Posted on July 15th, 2009 No comments
So … i’ve been uncomfortable on my bike for a while. My saddle just hasn’t been right. I decided to put on another saddle and it was better, but not great. I got a saddle from a friend that I had been meaning to try out, but I just hadn’t got to it. Last week, I put it on the track bike as the track bike was 10x worse than my road bike. I liked it! Crazy – eh? So … I like to have the same saddle on my track bike and my road bike – just a thing I like to do. I find another saddle on ebay and win the auction – great price. I get the saddle, but don’t feel like changing it… you see, I want the one on the TRACK bike on the ROAD bike and the new one on the track bike. Yeah… you are probably going “He’s a little worked up about this – isn’t he?” Well, the “new one” actually has steel rails that tend to BEND rather than BREAK. The Dick Lane Velodrome is a rough track and has a “whoop-dee-doo” that is known for breaking saddles. Steel often bends before it breaks. Titanium just flat out breaks – *pop* – all done!
This morning, I saw the saddle and said – eh… not today! Ooops!
This is the product of my lunch ride. It didn’t come COMPLETELY apart until I got it off the bike. I was able to ride home, but it snap’d, crack’d and pop’d down there a lot. Not a good sound between your legs.
Given all that happened and having a desire to ride tomorrow – I had to do some work on my bikes tonight. I’m happy to report all is well. My track bike is sad – it’s Wednesday and it’s just hanging out with the gang… not being abused and beaten on at the DLV, but it now has it’s semi-perma-temporary saddle – so it is at least one with the universe.

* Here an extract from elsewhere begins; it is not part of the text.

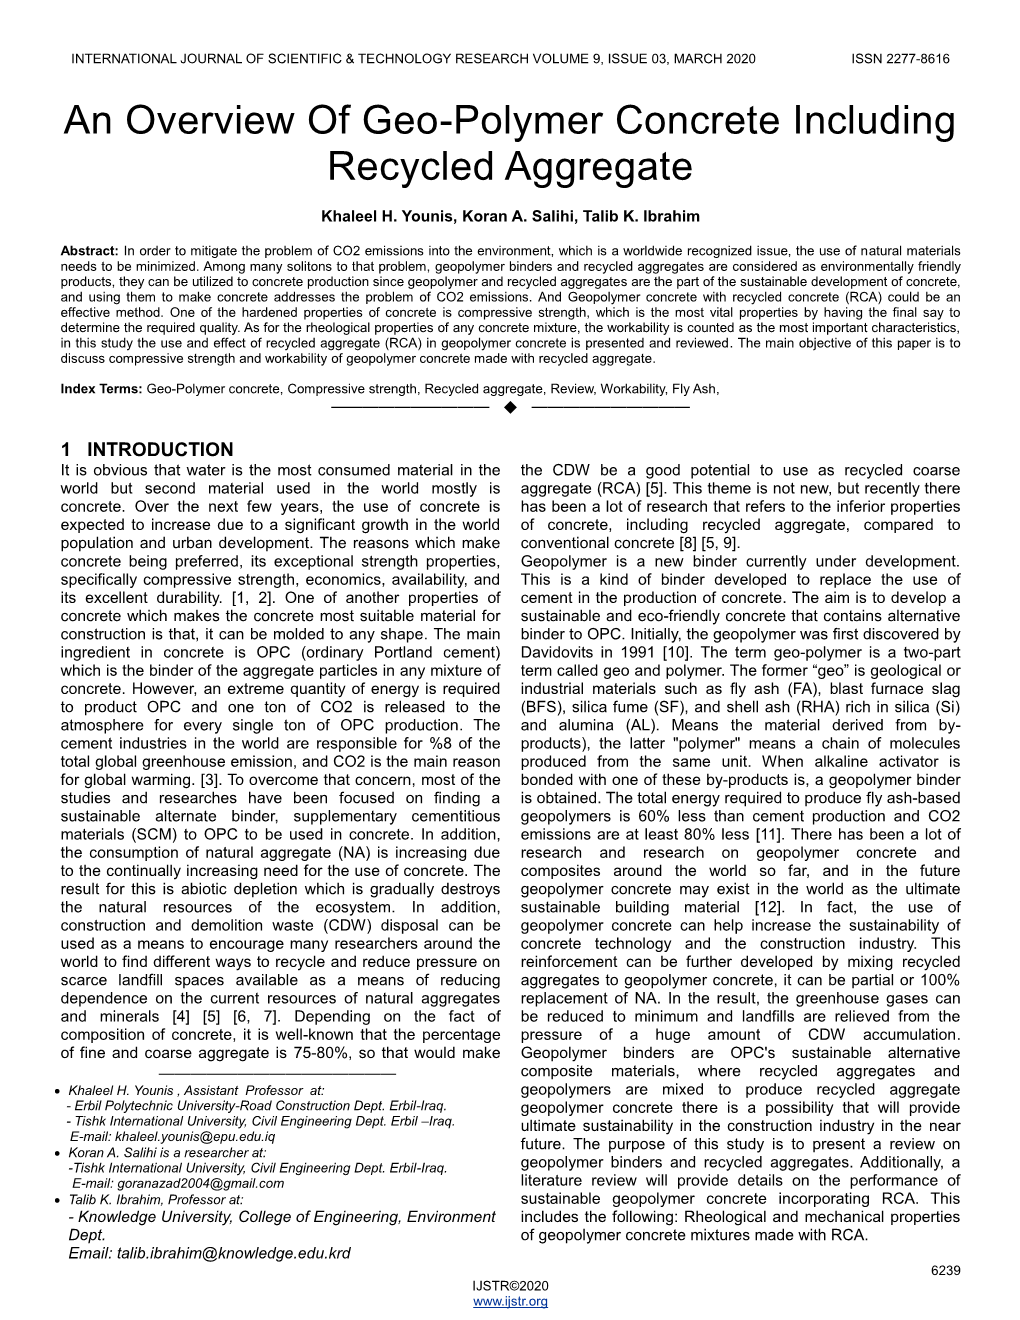 An Overview of Geo-Polymer Concrete Including Recycled Aggregate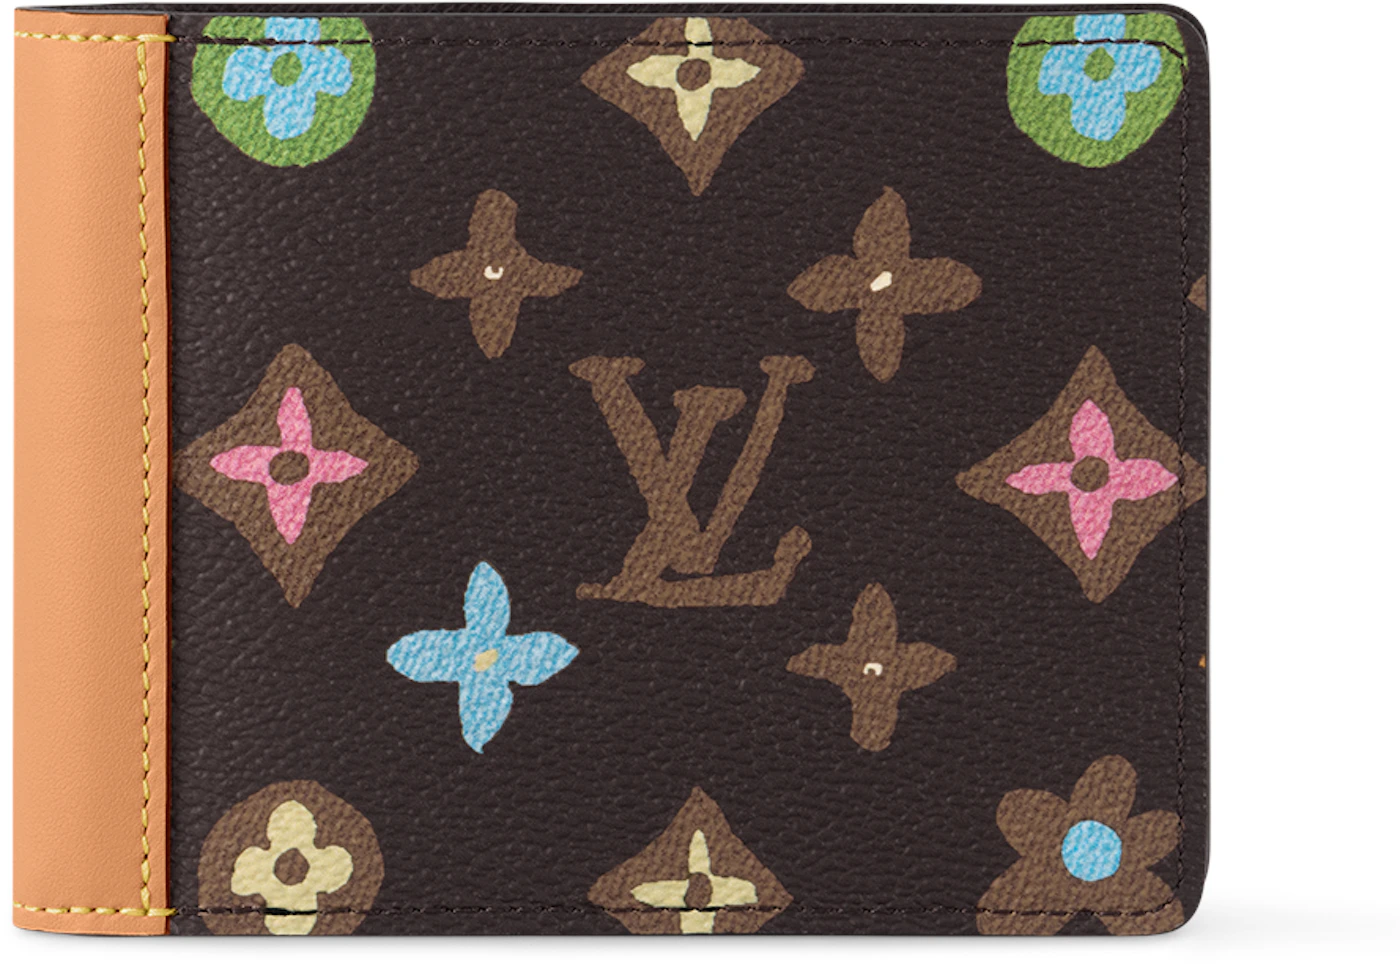 Louis Vuitton by Tyler, the Creator Multiple Wallet Chocolate Craggy ...

As you can see, the road bike now has a saddle on it that is all in one piece – no begins the “acclimation period”. I think it won’t last too long. I did race this saddle on the track and it was quite comfortable. The track has a ‘special’ way of letting you know if your saddle is going to work for you or not. Something about pulling G’s in the corner that makes sure you are “in touch” with your saddle.